Taking placebo lozenges causes people to have more types of cold symptoms.
Zinc lozenges lead to people catching fewer colds.
People taking zinc lozenges show cold symptoms for a shorter period of time.
Answer: D
The Y axis measures how many days individuals have cold symptoms. The shorter bar for zinc lozenges indicates that people taking them have cold symptoms for a shorter period of time than with placebo lozenges.

46. The confidence interval is the range of values that has a _____ probability of containing the true population mean. 5%
30%
75%
95%
Answer: D
The actual population mean will have a 95% probability of being within this range.

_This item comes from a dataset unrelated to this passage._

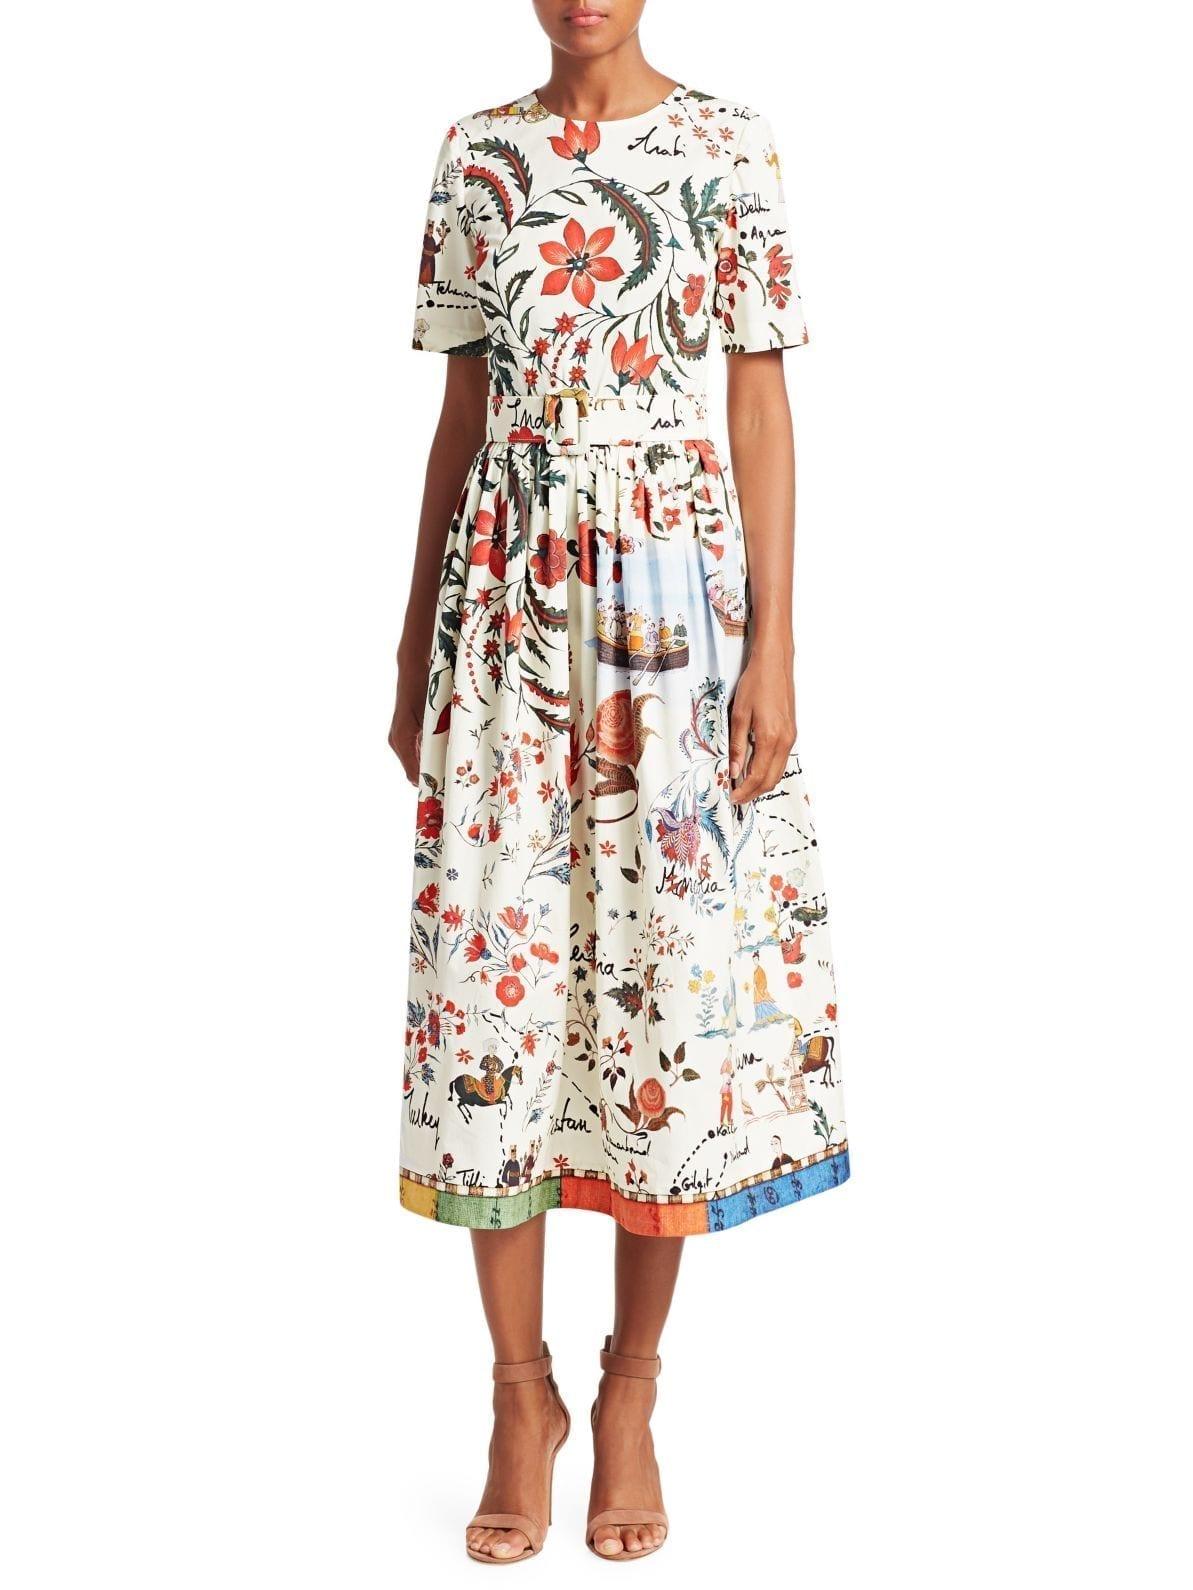 OSCAR DE LA RENTA Belted Midi Flare White / Floral Printed Dress
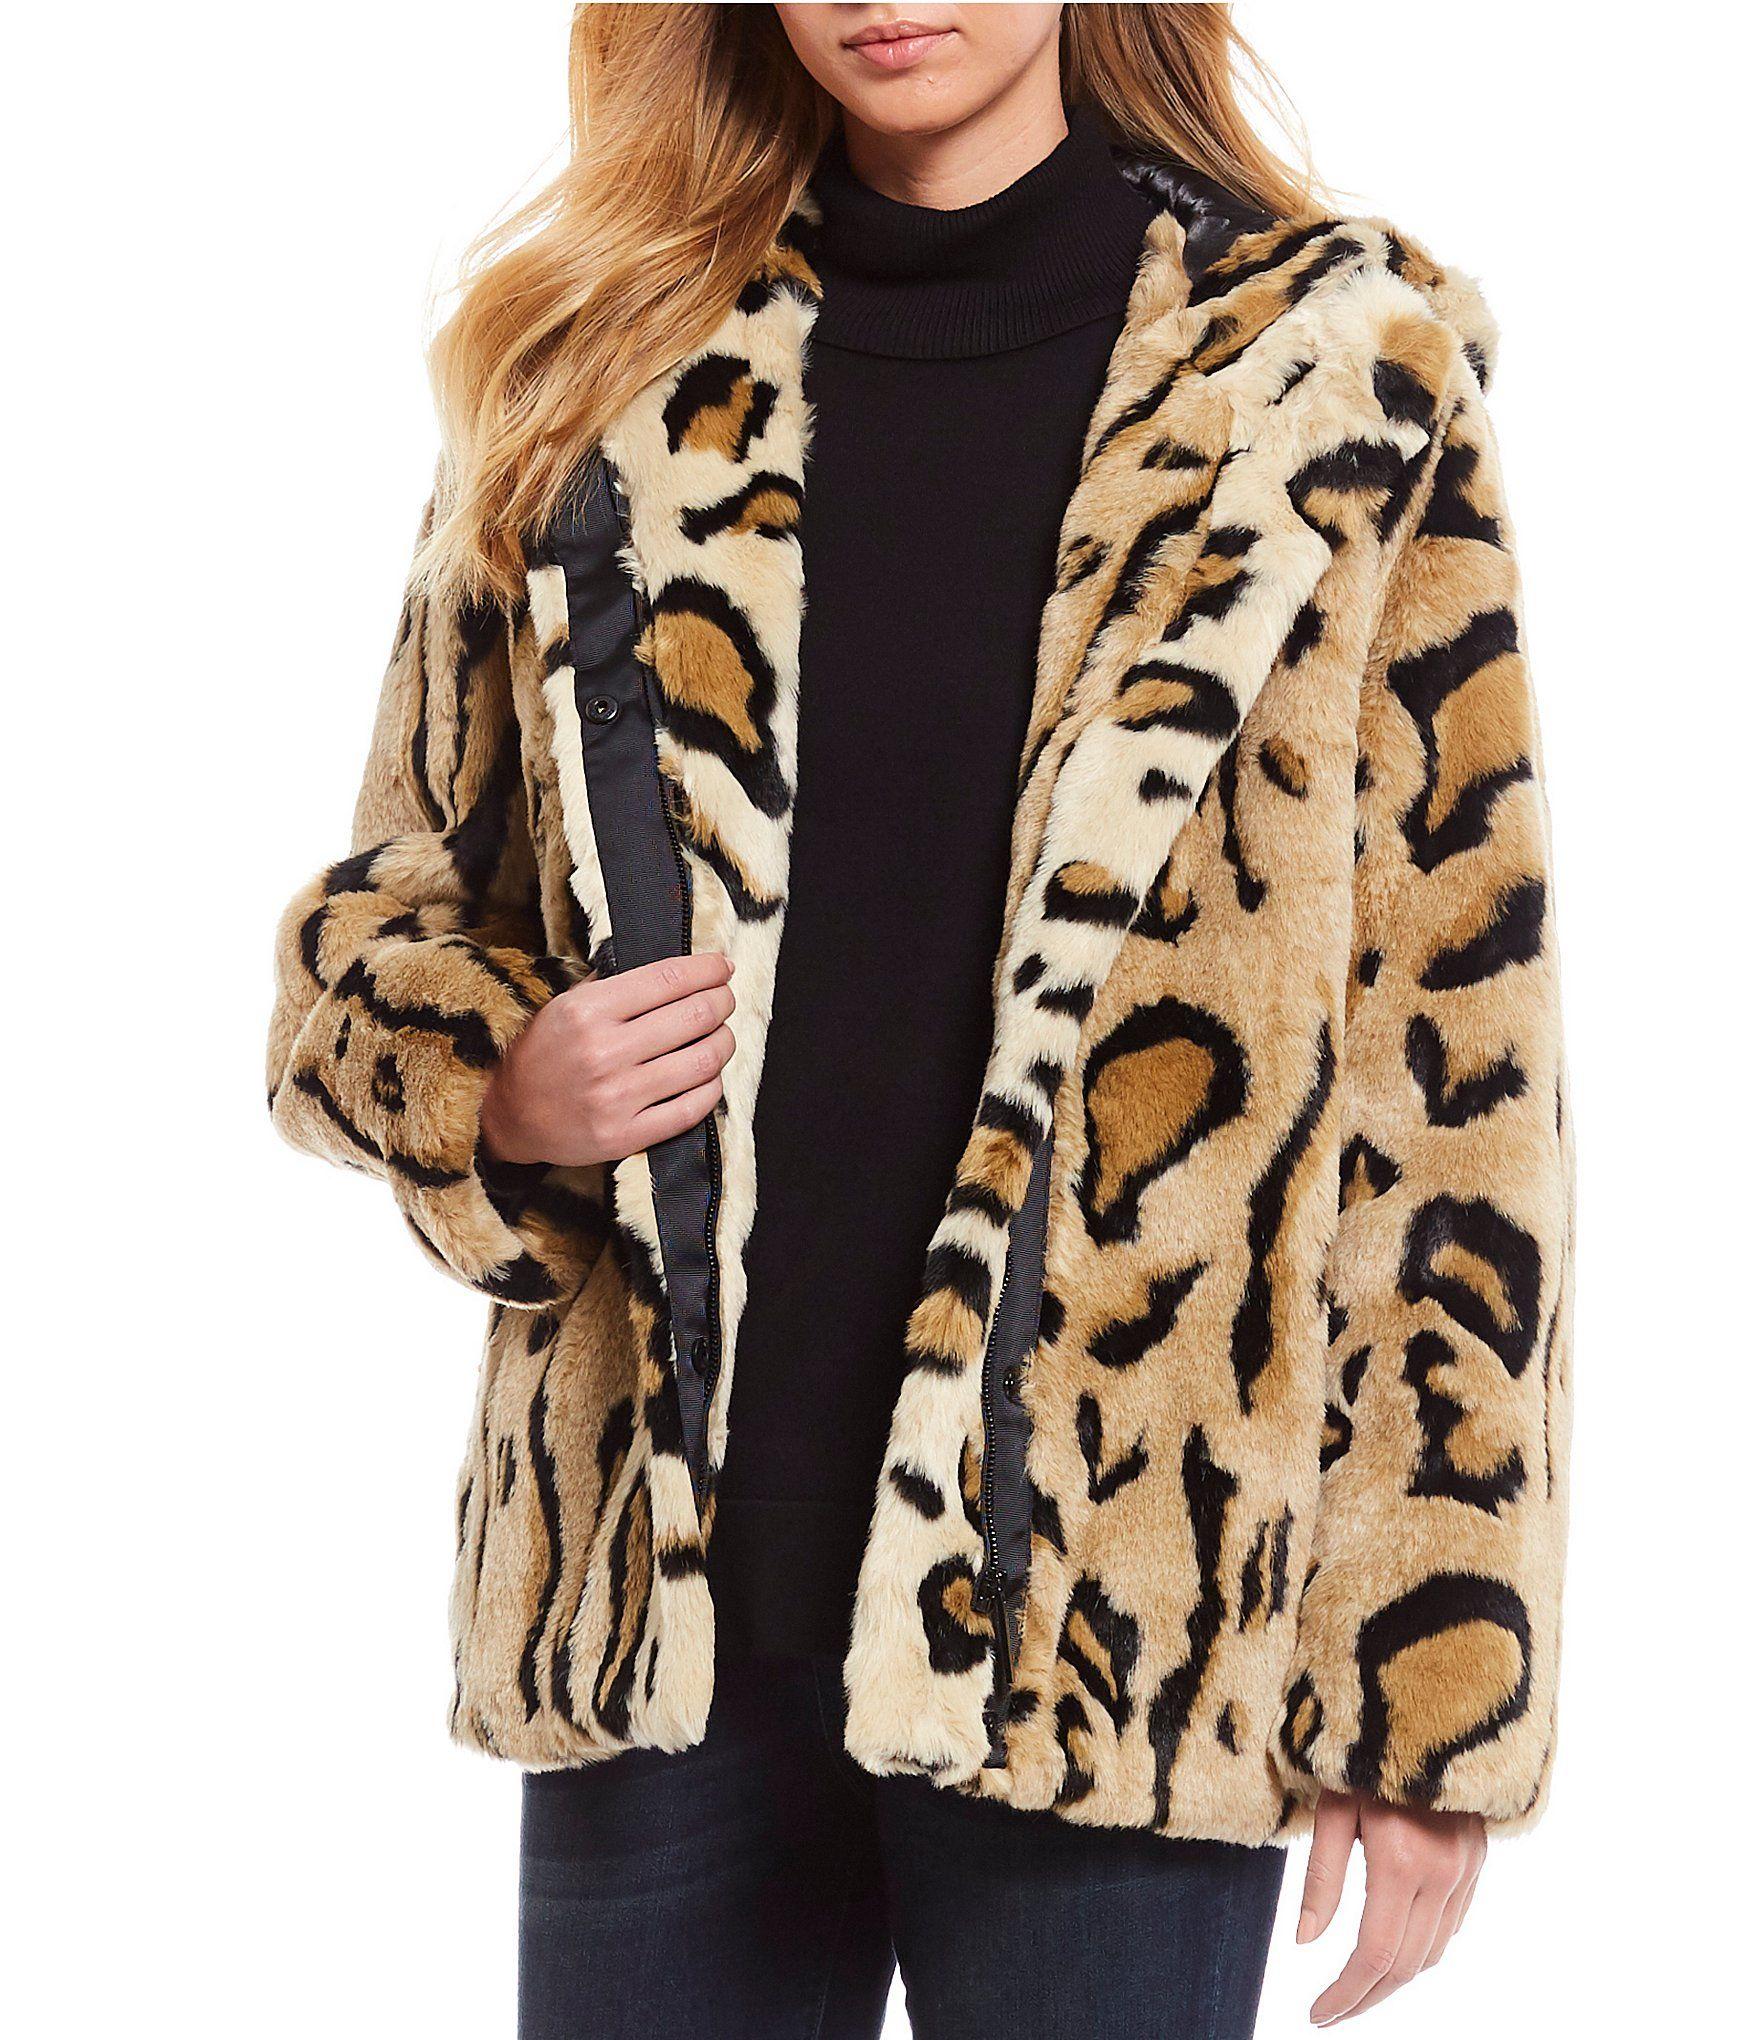 Hooded Cheetah Bomber Faux Fur Coat In 2020 Cheetah Jacket Faux Fur Cheetah Coat Calvin Klein

47. A statistical test evaluates the chance of __________.
observer error.
sampling error.
alternative mechanisms.
need for controls.
Answer: B
A statistical test measures the probability of chance errors in sampling. They cannot tell us about poor performance from the experimenter, possible other explanations, or the need for better experimental design.

48. Which of these statements about primary and secondary sources are correct?
Primary sources are written by researchers; secondary sources are written by book authors, news reporters, and advertisers.
Primary sources aren’t biased; secondary sources are biased.
Primary sources are not peer reviewed; secondary sources are peer reviewed.
Primary sources are less reliable; secondary sources are more reliable.
Answer: A
Secondary sources are written by various types of authors based on the primary sources written by researchers. Sometimes, primary sources can be biased (researchers are human). Primary sources are peer reviewed, and therefore more reliable than secondary sources.

49. What is the best way to prevent the common cold?
Take vitamin C.
Wash your hands.
Take zinc lozenges.
Get a cold vaccine.
Answer: B
The best way to prevent the common cold is frequent hand washing. Research shows that vitamin C intake has no effect on susceptibility and zinc lozenges only affect the duration of a cold. There is currently no cold vaccine.